[Data in this exercise]
= = =

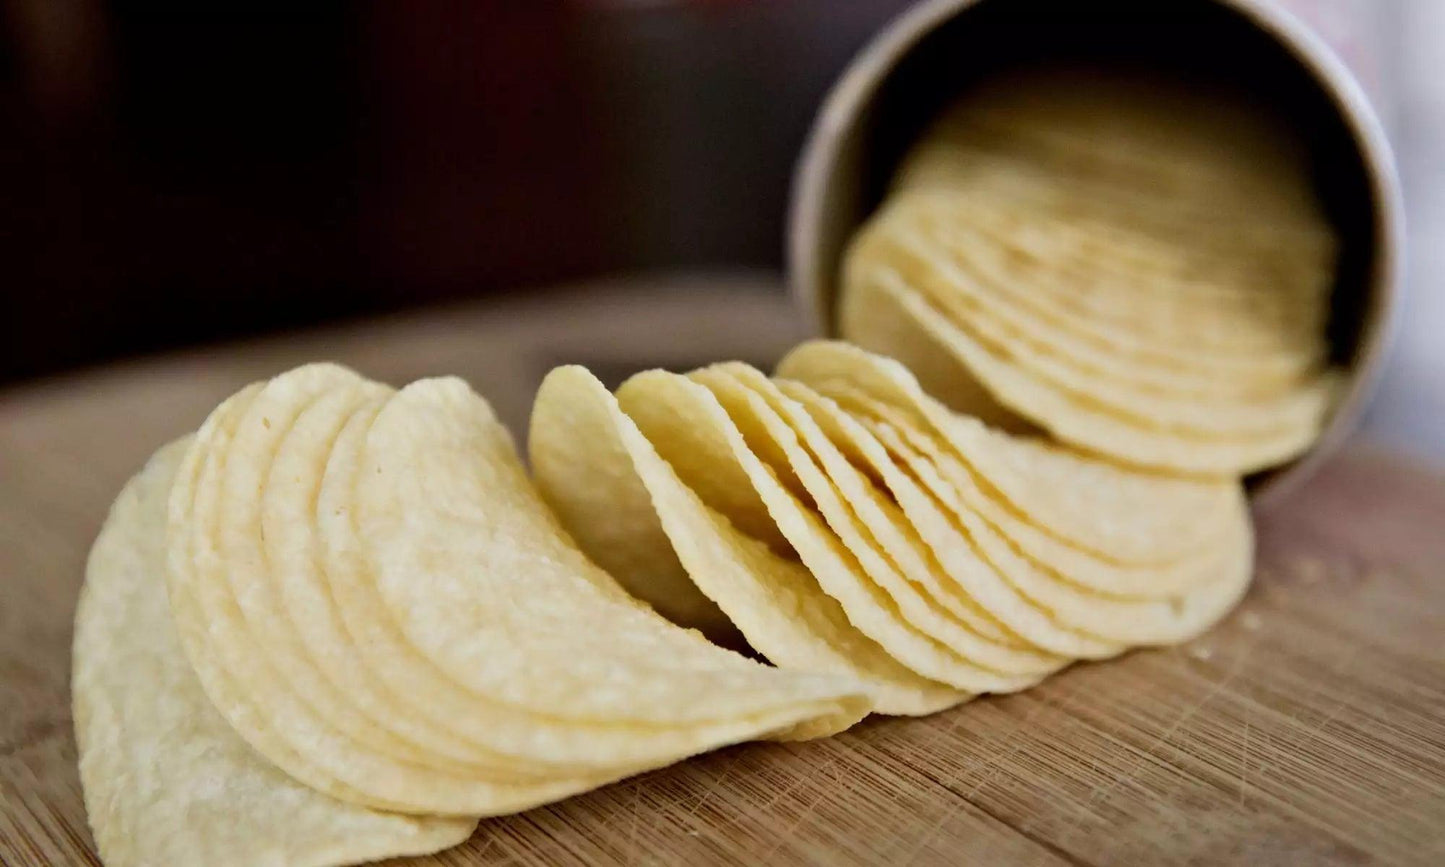 Pringles Original Crisps, 165g - Buongiorno Caffe' & More
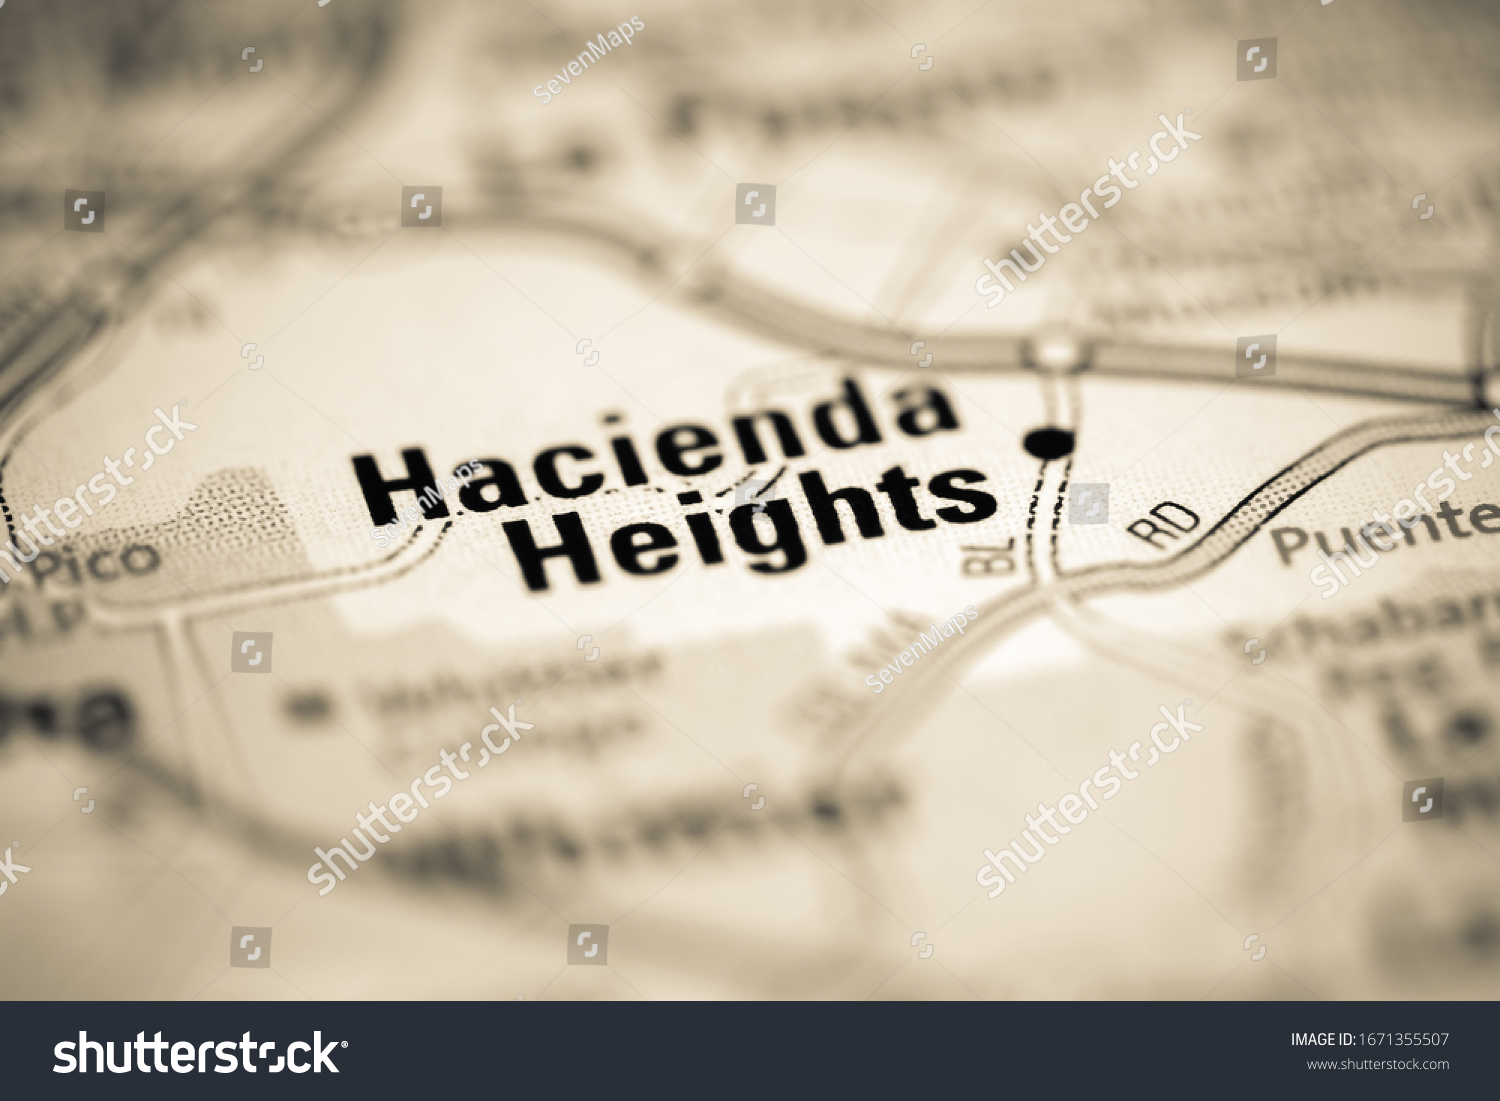 Hacienda Heights Map Images Stock Photos Vectors Shutterstock
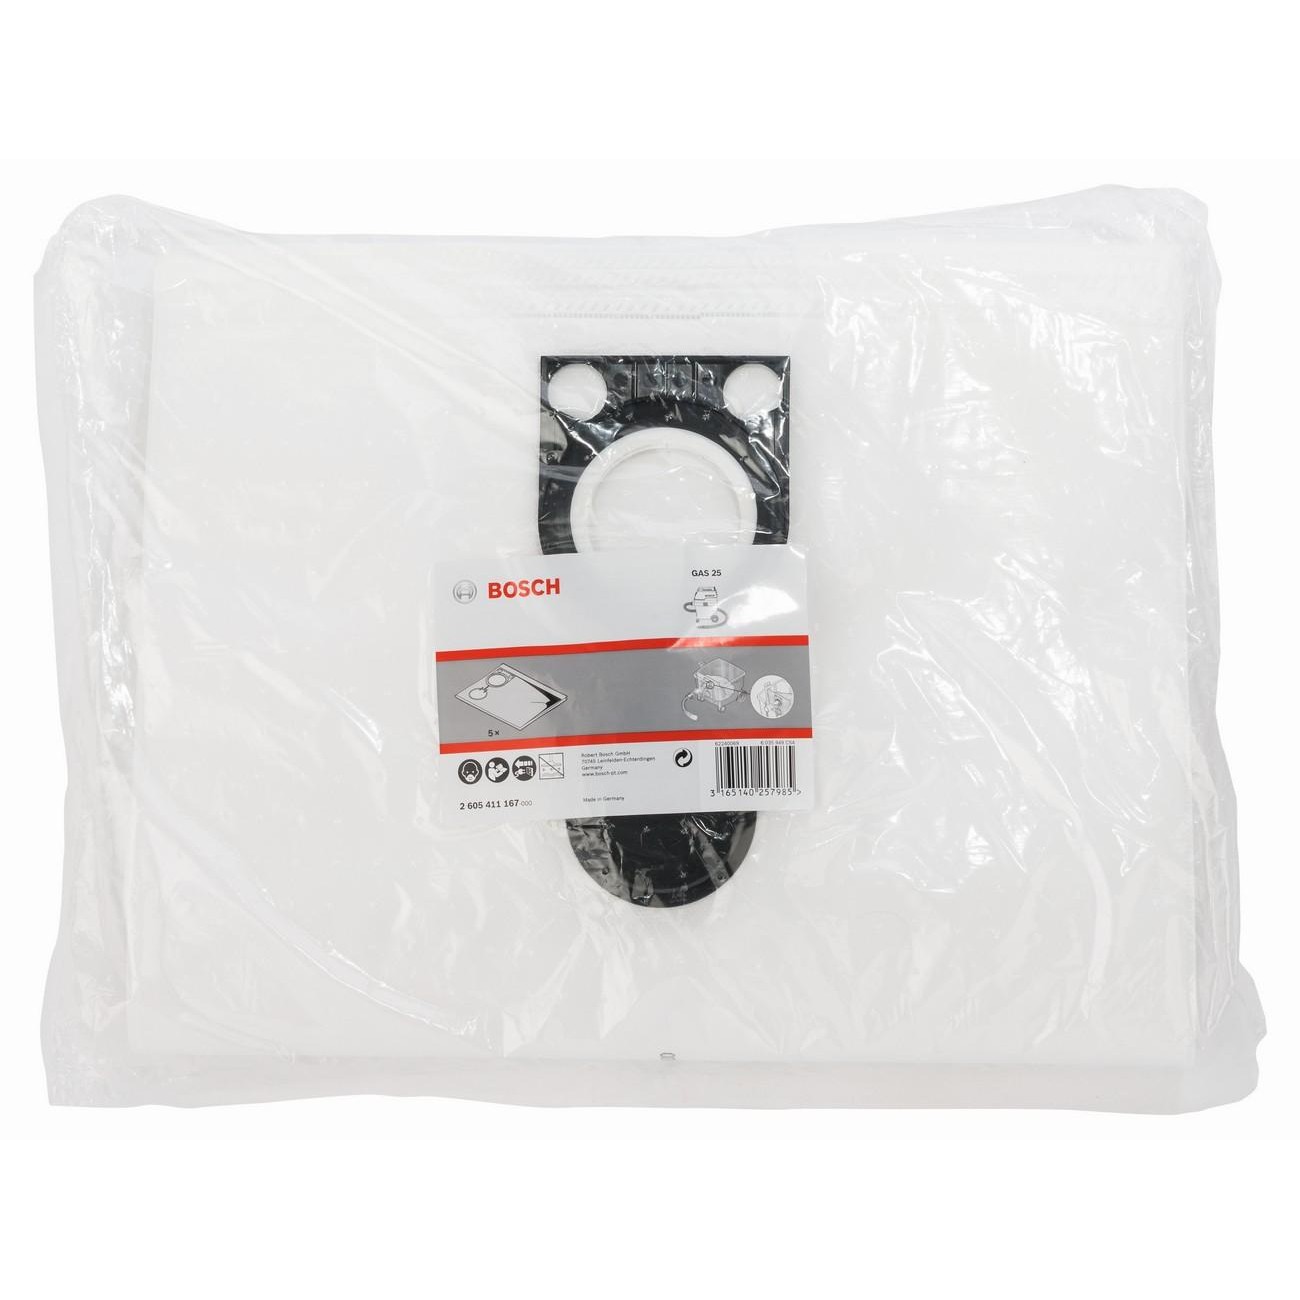 BOSCH Professional Филтърна торба нетъкан текстил (2605411167)
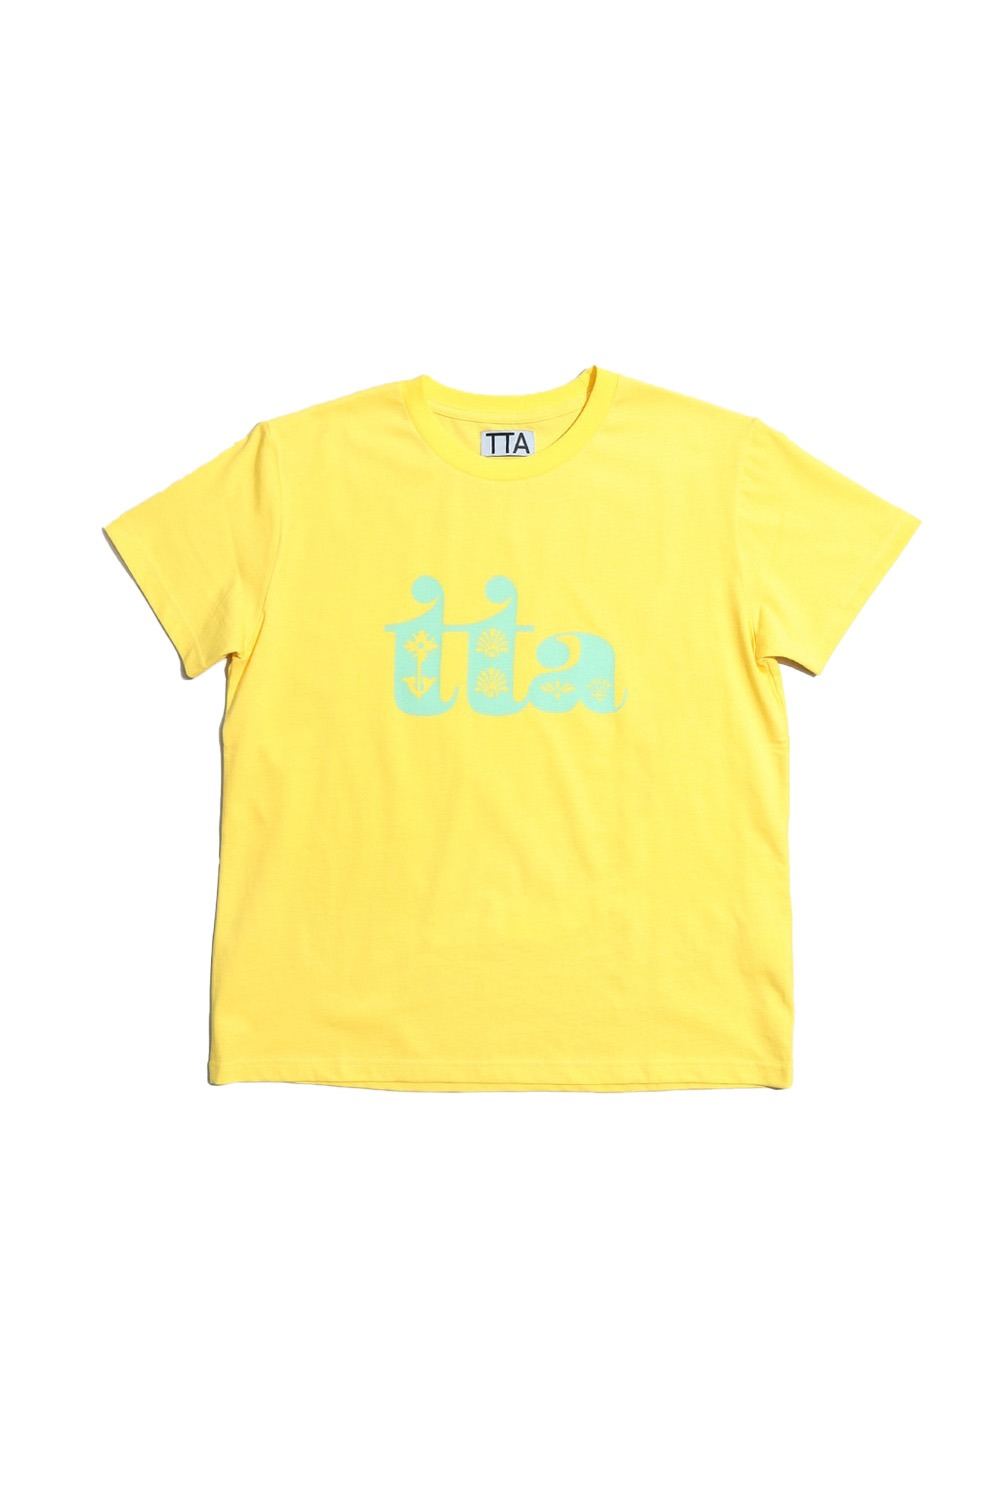 TTA 가든 S/S 티셔츠 (바나나) - 리치즈 RICHEZ
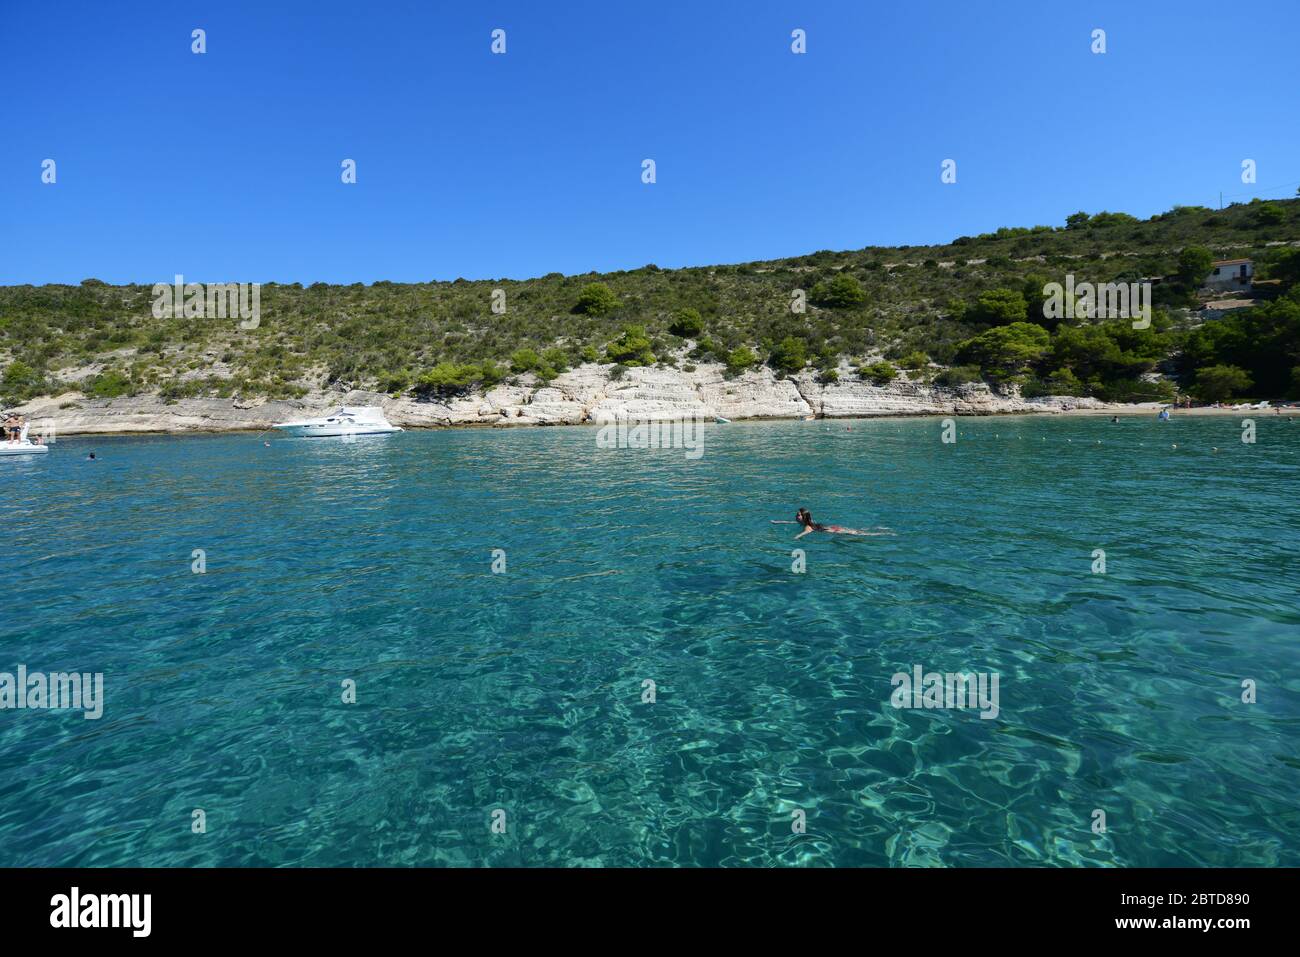 Nuotare nelle acque incontaminate del mare Adriatico vicino Biševo isola nell'arcipelago centrale della Dalmazia in Croazia. Foto Stock

= = =

[Problem] Copy all records exactly; omit images.

[Solution below]
 Pringles Original Crisps, 165g - Buongiorno Caffe' & More
 Hacienda Heights Map Images Stock Photos Vectors Shutterstock
 BOSCH Professional Филтърна торба нетъкан текстил (2605411167)
 TTA 가든 S/S 티셔츠 (바나나) - 리치즈 RICHEZ
 Nuotare nelle acque incontaminate del mare Adriatico vicino Biševo isola nell'arcipelago centrale della Dalmazia in Croazia. Foto Stock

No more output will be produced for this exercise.